Still, Wells says, “This technology is going to revolutionize cell replacement therapies. Looking at the trajectory of this technology, and what’s been published, we’re going to be able to reprogram cells safely. I say that with a fair degree of certainty.”

This idea is so promising that Cincinnati Children’s has established a facility for this type of stem cell research, run by Chris Mayhew, PhD, that uses the reprogramming technology. The center collaborates with a number of research labs throughout the medical center in the use of human stem cell technology.

Wells’ wife, Susanne Wells, PhD, a researcher in the Division of Experimental Hematology at Cincinnati Children’s, has collaborated with Mayhew and Jim Wells to successfully reprogram adult human keratinocytes (skin cells) into a pluripotent embryonic state. They have used reprogramming to develop several cell lines that are indistinguishable from embryonic stem cell lines. These reprogrammed cells have now been redirected toward the pancreatic fate. This work suggests that in the future it might be possible to treat a child with Type 1 diabetes by replacing the child’s own beta cells with ones grown in a Petri dish.

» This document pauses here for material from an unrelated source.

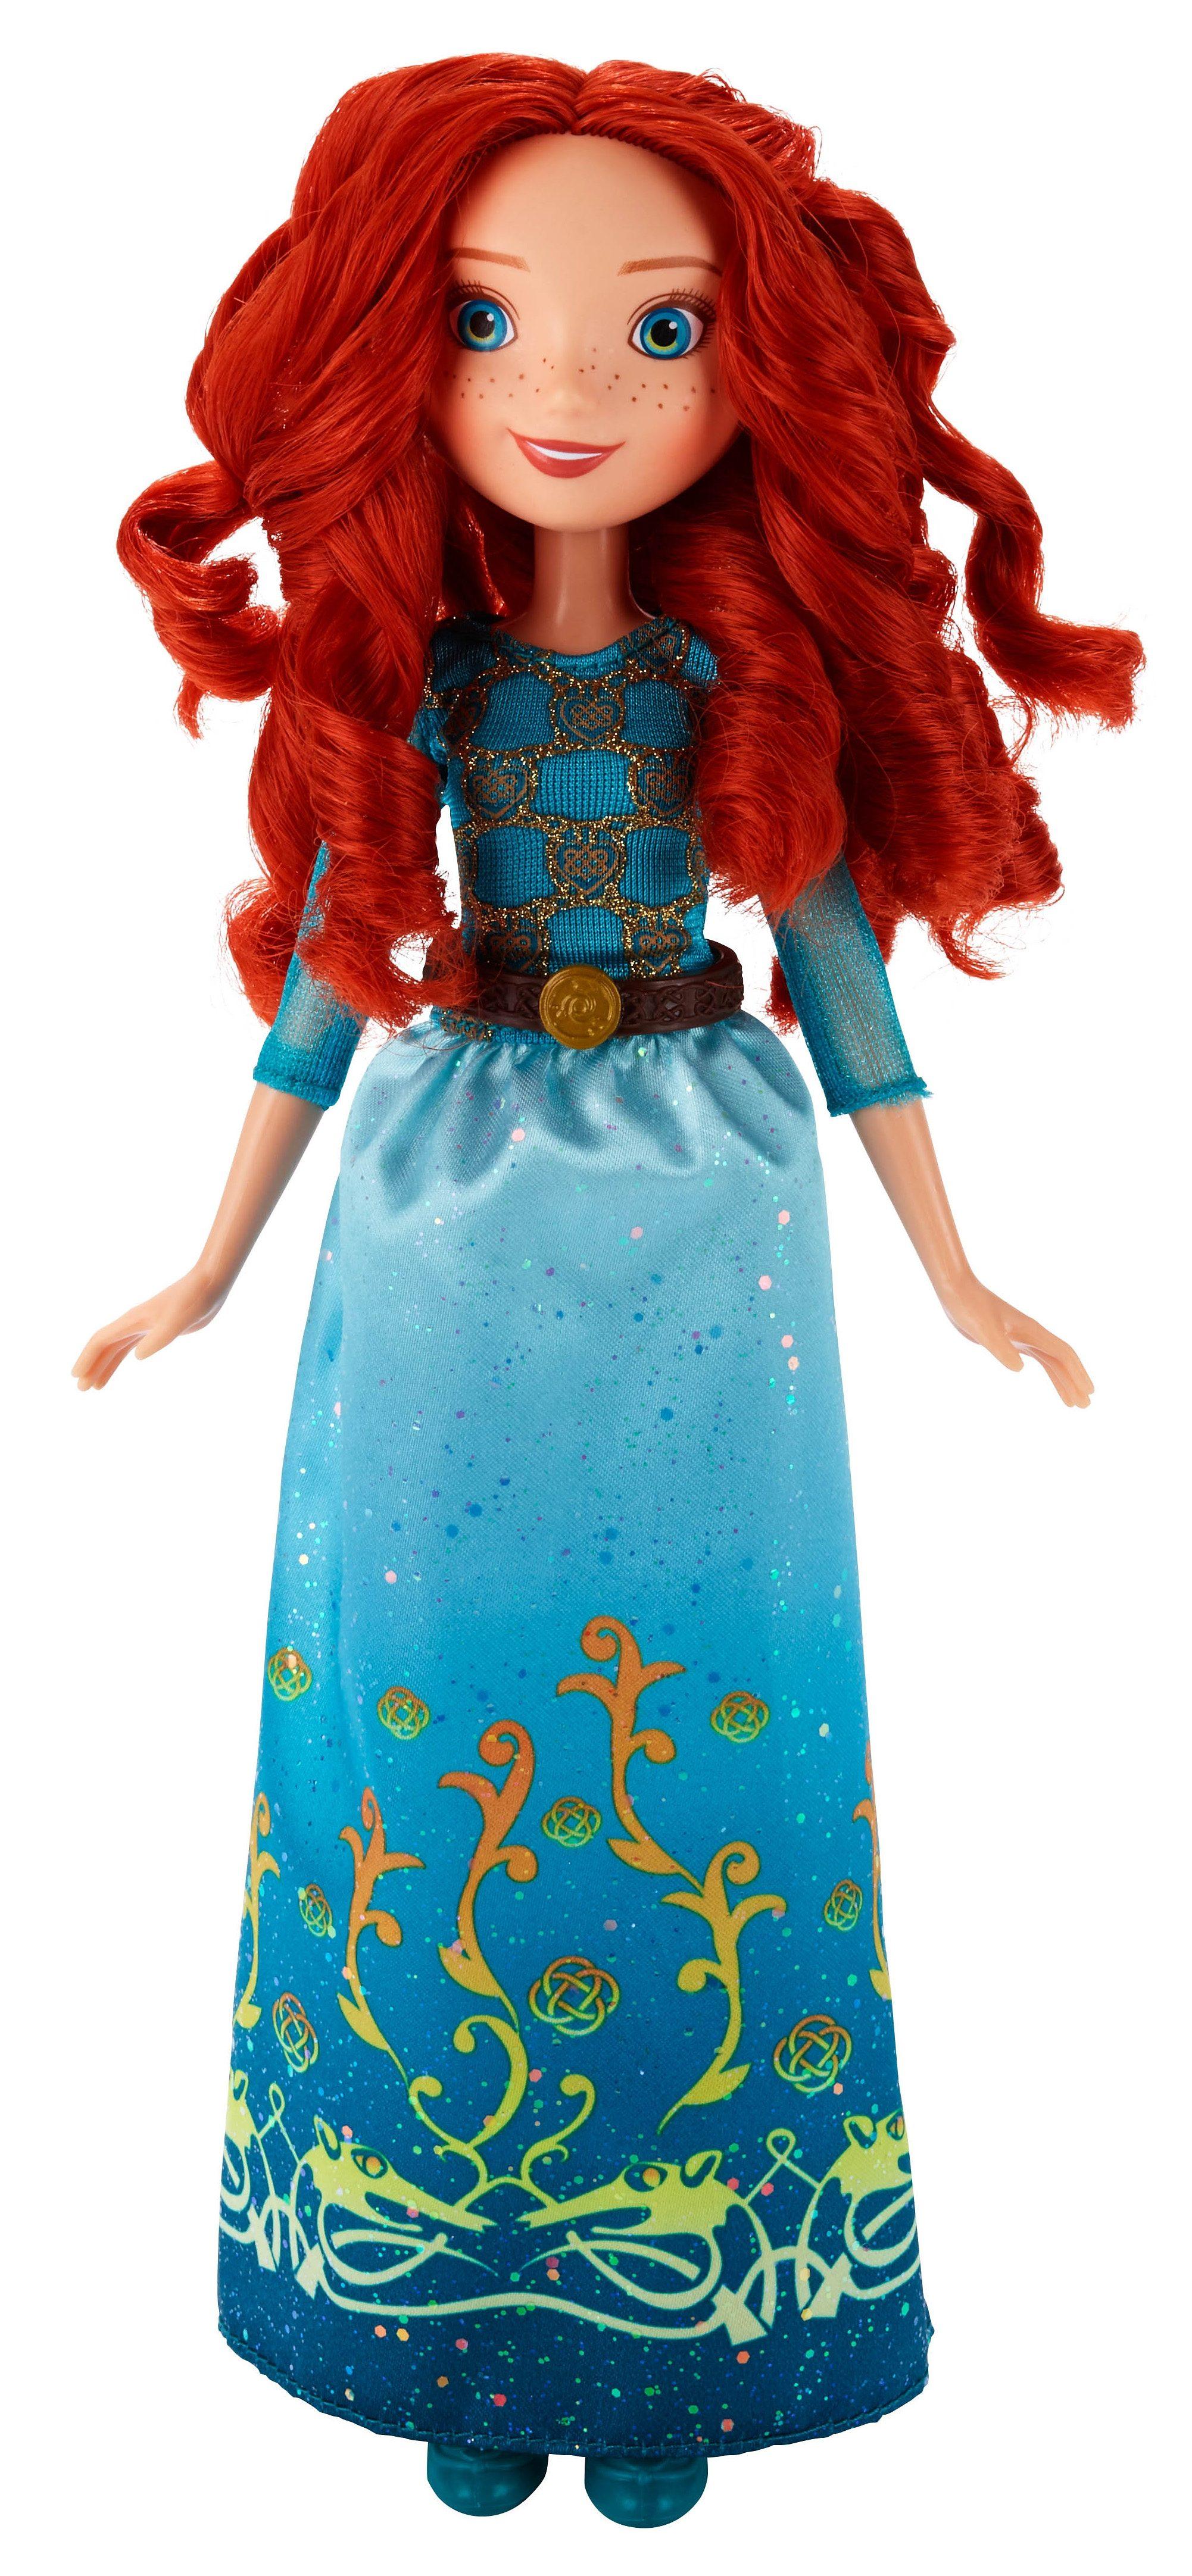 Hasbro Puppe 27 cm, »Disney Princess - Schimmerglanz Merida«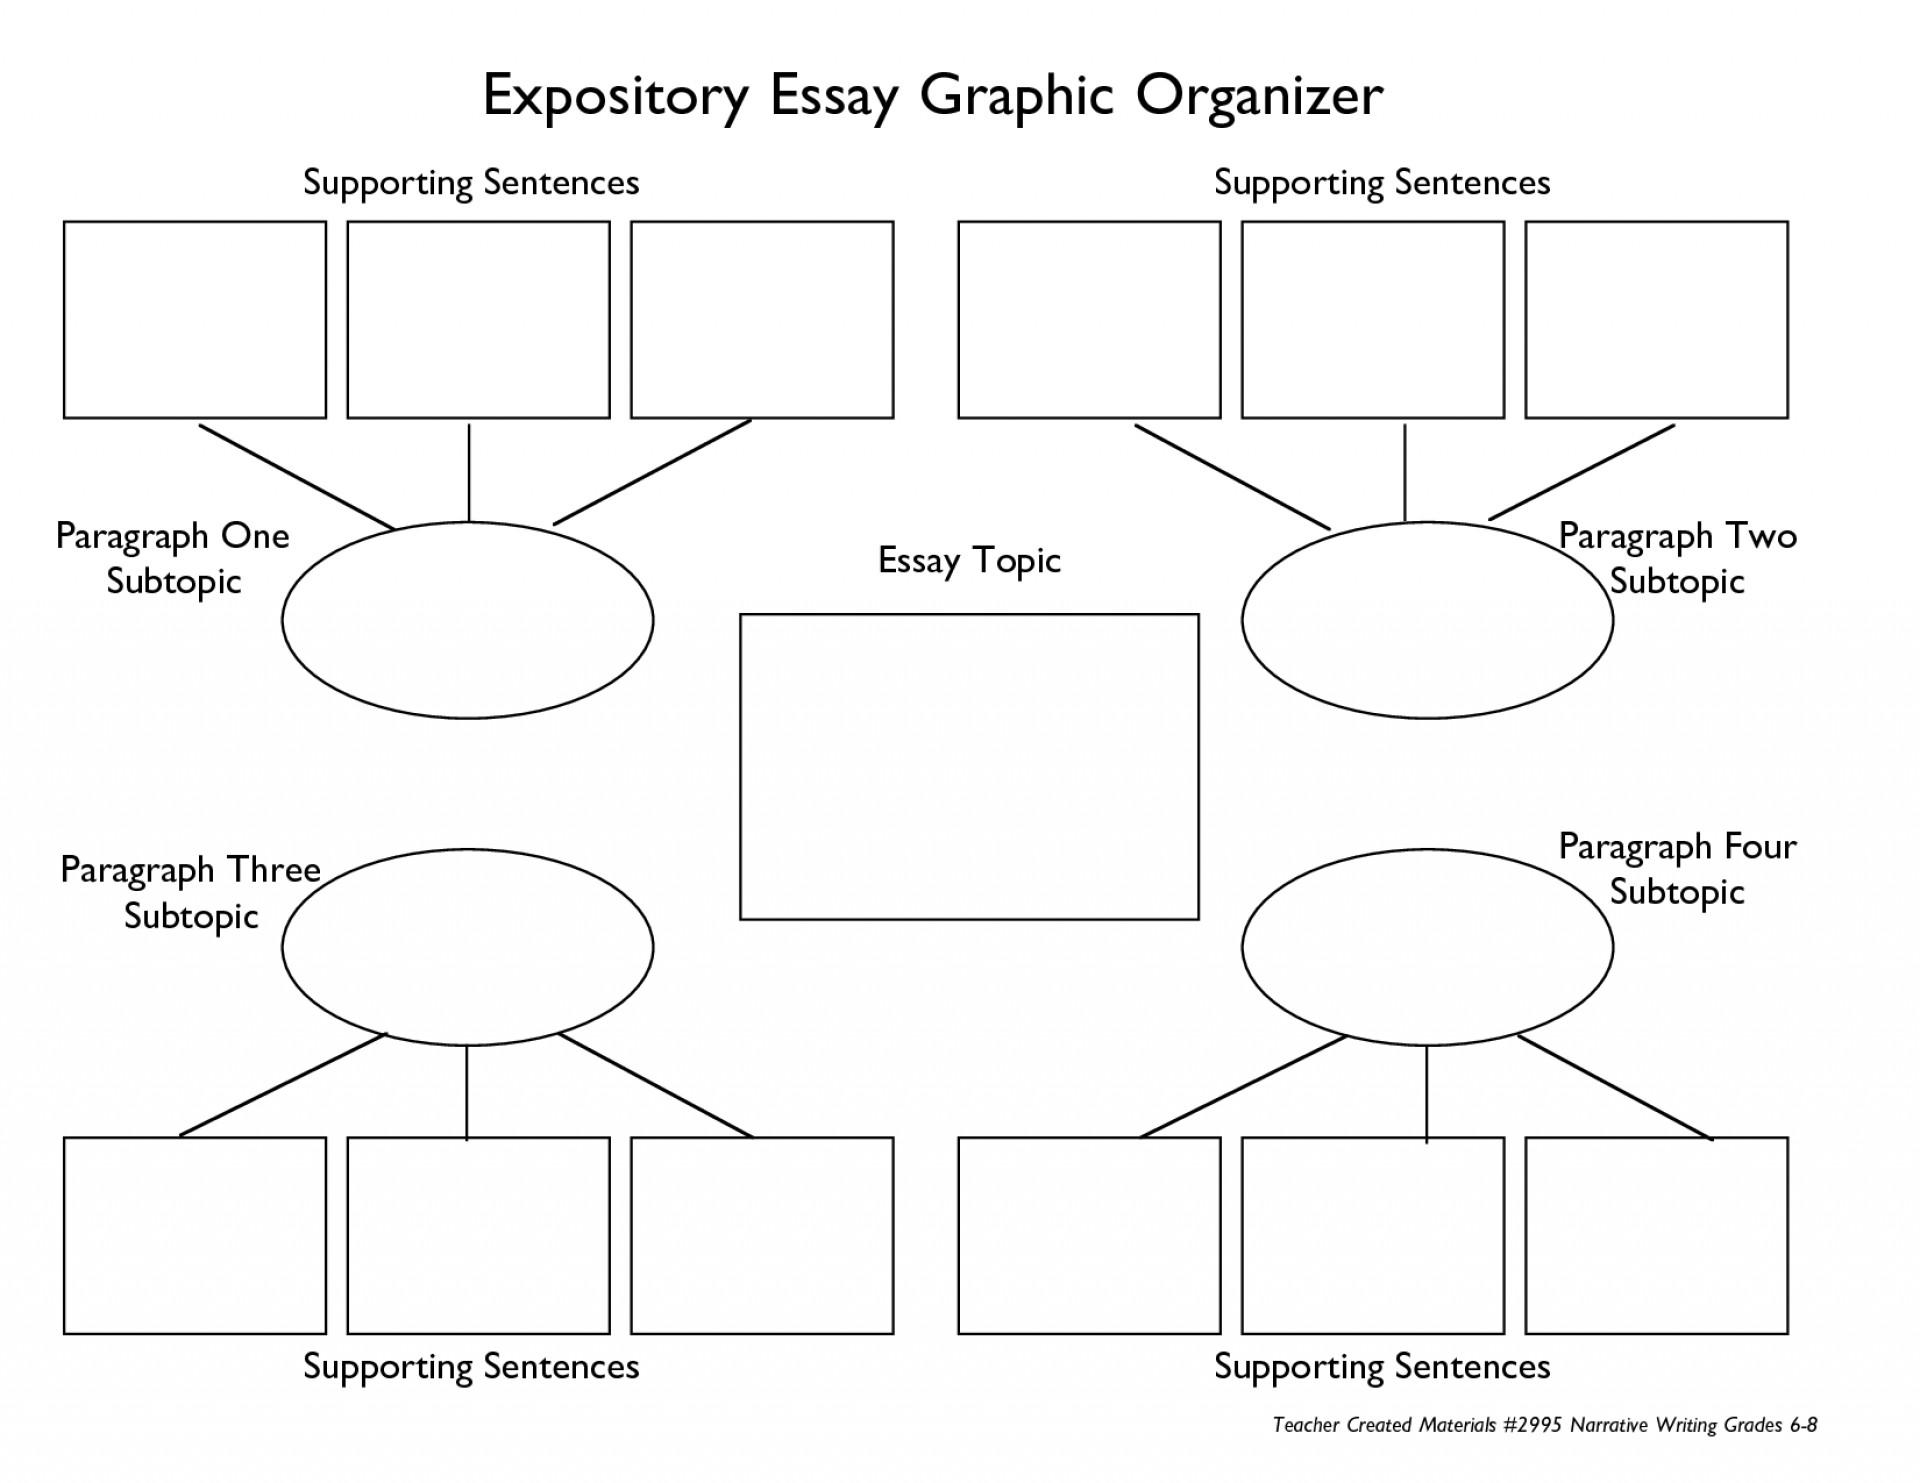 022 College Essay Organizer Surprising Application Graphic Organizers Argumentative 1920

The next step for this research team will be to test the cell lines to see if the reprogrammed skin cells can be further manipulated into becoming insulin-producing beta cells.

From a clinical standpoint, Jim Wells says, this success means that in time, “A kid with diabetes could come in and walk out with his own beta cells. That’s the goal.”

It’s a goal that he believes is well within reach. “It’s not unreasonable to expect that we would have transplantable material in five to ten years.”